No, I don't. It would have been interesting to have a sibling if they were nice, but it would have been terrible if they were manipulatave and my parents took their side, which is what happends in families sometimes.


----------



## JustThisGuy (Mar 24, 2012)

Older brother that is 5 years older than me and an older sister that is 10 years older than me.


----------



## ravens (Aug 31, 2011)

My brother is 2 and a half years younger.


----------



## CWe (Mar 7, 2010)

2 sisters. One older and one younger. I'm the middle sandwich


----------



## gopherinferno (Apr 7, 2009)

no but a few years ago i started telling new friends/boyfriends that i had a twin brother who ran away from home in his teens and that he trained animals in the circus or something stupid. people believed me. it was wild.


----------



## Cronos (Mar 31, 2013)

One older brother, 2 older sisters.


----------



## Farideh (Nov 13, 2011)

I have three siblings and I'm the youngest one. My sister is the oldest. She's 32. My brother is 30. My other brother is 28.


----------



## Memories of Silence (May 15, 2015)

I have three older sisters. One died before I was born, and would have been 38 this year, one is 36 and one will be 33 at the end of the year. I always wonder what it would have been like to have had a sibling I was close in age to, or to have a brother. Me and my sisters have always been close.
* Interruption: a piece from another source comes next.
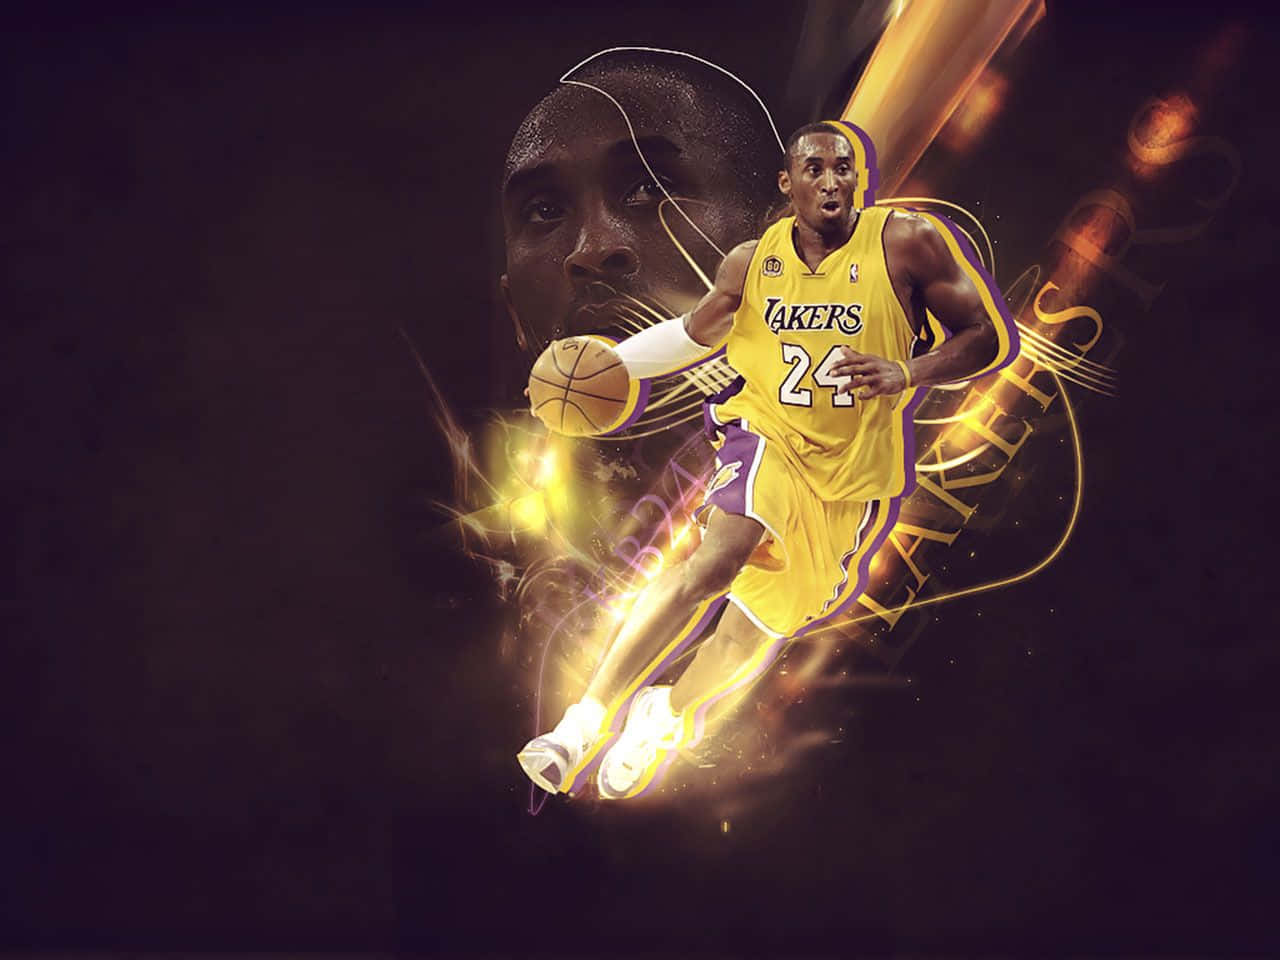 Legendarerbasketballspieler Kobe Bryant

When I was a baby, people thought my sister was my mum, which embarrassed her because she was 12/13.


----------



## Robleye (Sep 26, 2012)

I have a half-sister about 10 years younger than me. She never lived with me though so I'm pretty much an only child.


----------



## DarrellLicht (Mar 9, 2013)

Three elder sisters. A five year age gap starting with the first following sibling.


----------



## sas62759 (Feb 13, 2015)

anybody else?


----------



## Baldy Nohairs (Jun 20, 2015)

gopherinferno said:


> no but a few years ago i started telling new friends/boyfriends that i had a twin brother who ran away from home in his teens and that he trained animals in the circus or something stupid. people believed me. it was wild.
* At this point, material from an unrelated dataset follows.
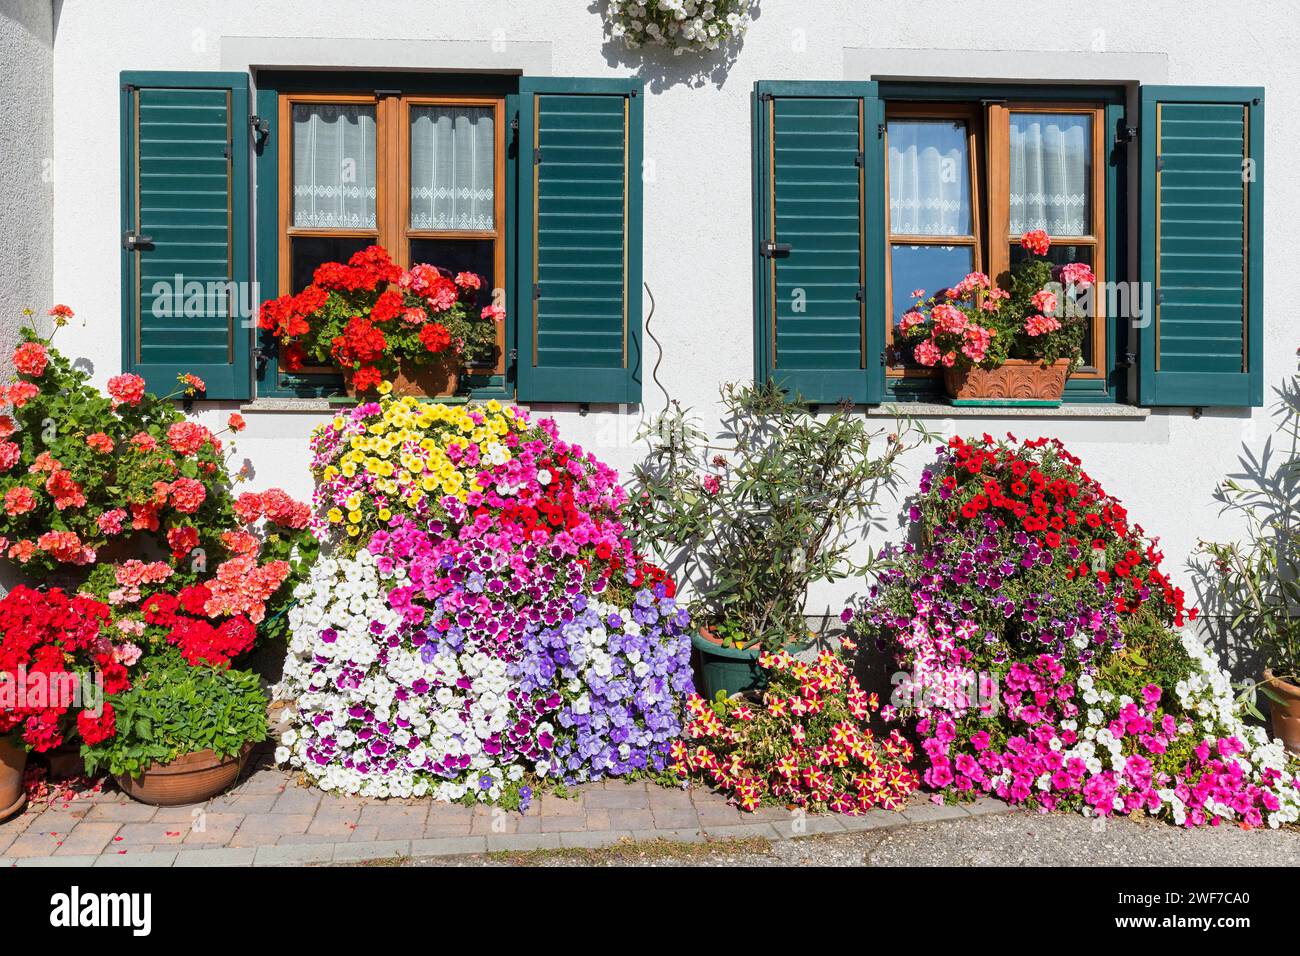 Blumen an einer Hausfassade, Fenster mit Fensterläden, Schladming, Steiermark, Österreich *** Flowers on a house facade, window with shutters, Schladm Stock Photo

Well,... you do live in Arkansas.


----------



## sas62759 (Feb 13, 2015)

refresh


----------



## sas62759 (Feb 13, 2015)

anybody else?


----------



## LostinReverie (Mar 18, 2007)

I have a sister one year older,

a sister 6 years younger,

and a brother 9 years younger


----------



## estse (Nov 18, 2003)

I have a brother who is 37 (2 1/2 yrs older) and has a second child due any day now.


----------



## Asrais (Aug 22, 2015)

I have one sister - 5 years older than me. We are not really close, we are very different people. Oh, I forgot - I also have a half sister, who I have never met. I had heard rumor about her since I was very little, but my dad always denied she existed (this is a whole other story  ), but she made contact with me through facebook about a year ago. She is, I think 4 years younger than me.


----------



## Monkeygirl (Aug 7, 2015)

I have an older sister who is 28 and a younger sister who is 16 years ago.
My younger sister passed away 4 years ago.
I am 24.


----------



## Out of the Ashes (Jun 6, 2013)

Too many to bother listing.


----------



## lonerroom (May 16, 2015)

twitchy666 said:


> I had two brothers 30 years older.
> 
> There were of parent age to me.
> Our parents made me see grandparents - 50 when I was born. :surprise:
> ...


I knew someone in school who had older brothers who were also of parent age and I also knew someone who had an aunt who was exactly the same age as him


----------



## lonerroom (May 16, 2015)

sas62759 said:


> This


I have no siblings what so ever, I found out in high school that I was a furternal twin though, my twin died before birth.


----------



## keyboardsmahshfwa (Apr 22, 2014)

4 brothers all in their 20s
2 sisters in their 30s.

I'm the youngest :'(


----------



## LostinReverie (Mar 18, 2007)

lonerroom said:


> I have no siblings what so ever, I found out in high school that I was a furternal twin though, my twin died before birth.


Sad.


----------



## Chasingclouds (Jan 7, 2015)

It sucks being the middle child because I feel like I'm never noticed... which I am thankful for at times, but at the same time I'm not so easily understood. I'm not outgoing or have a family or some grand plan like my other siblings do. But I have 1 older and younger brother and 2 older sisters.:crying:


----------



## lonerroom (May 16, 2015)

LostInReverie said:


> Sad.


Yeah it was sad  it sucks to be an only child, you have no one to go to for that brotherly/sisterly support either


----------



## CWe (Mar 7, 2010)

2 sisters. One older and younger


----------



## Paperback Writer (Feb 7, 2015)

Only child, but always wished that I wasn't.


----------



## quewezance (Sep 9, 2013)

3 younger sisters and 3 younger brothers. I'm close to all my sisters and brothers and I'm the oldest. I'm good on advice to my two brothers 15 and 12, but not a good role model. I got me and my 15 year-old brother into weed 7 months ago, but I quit 5 months ago and my brother, I'm trying to help him quit. And my younger brother and sisters; I'm always taking care of them.


----------



## AffinityWing (Aug 11, 2013)

One older brother. He always used to roughhouse with me when I was younger, but ever since he had moved out from living with our dad and back with us, our relationship started getting more strained and he changed alot. He's become a real prick with me and the rest of the family now. We don't even talk most of the time, unless he has something to ***** at me about. We've had alot of bad fights in the past so frankly I'm too scared to even approach him for anything most of the time, I try to ignore him as best as I can.


----------



## Crisigv (Aug 3, 2013)

No option for the middle child? I see how it is.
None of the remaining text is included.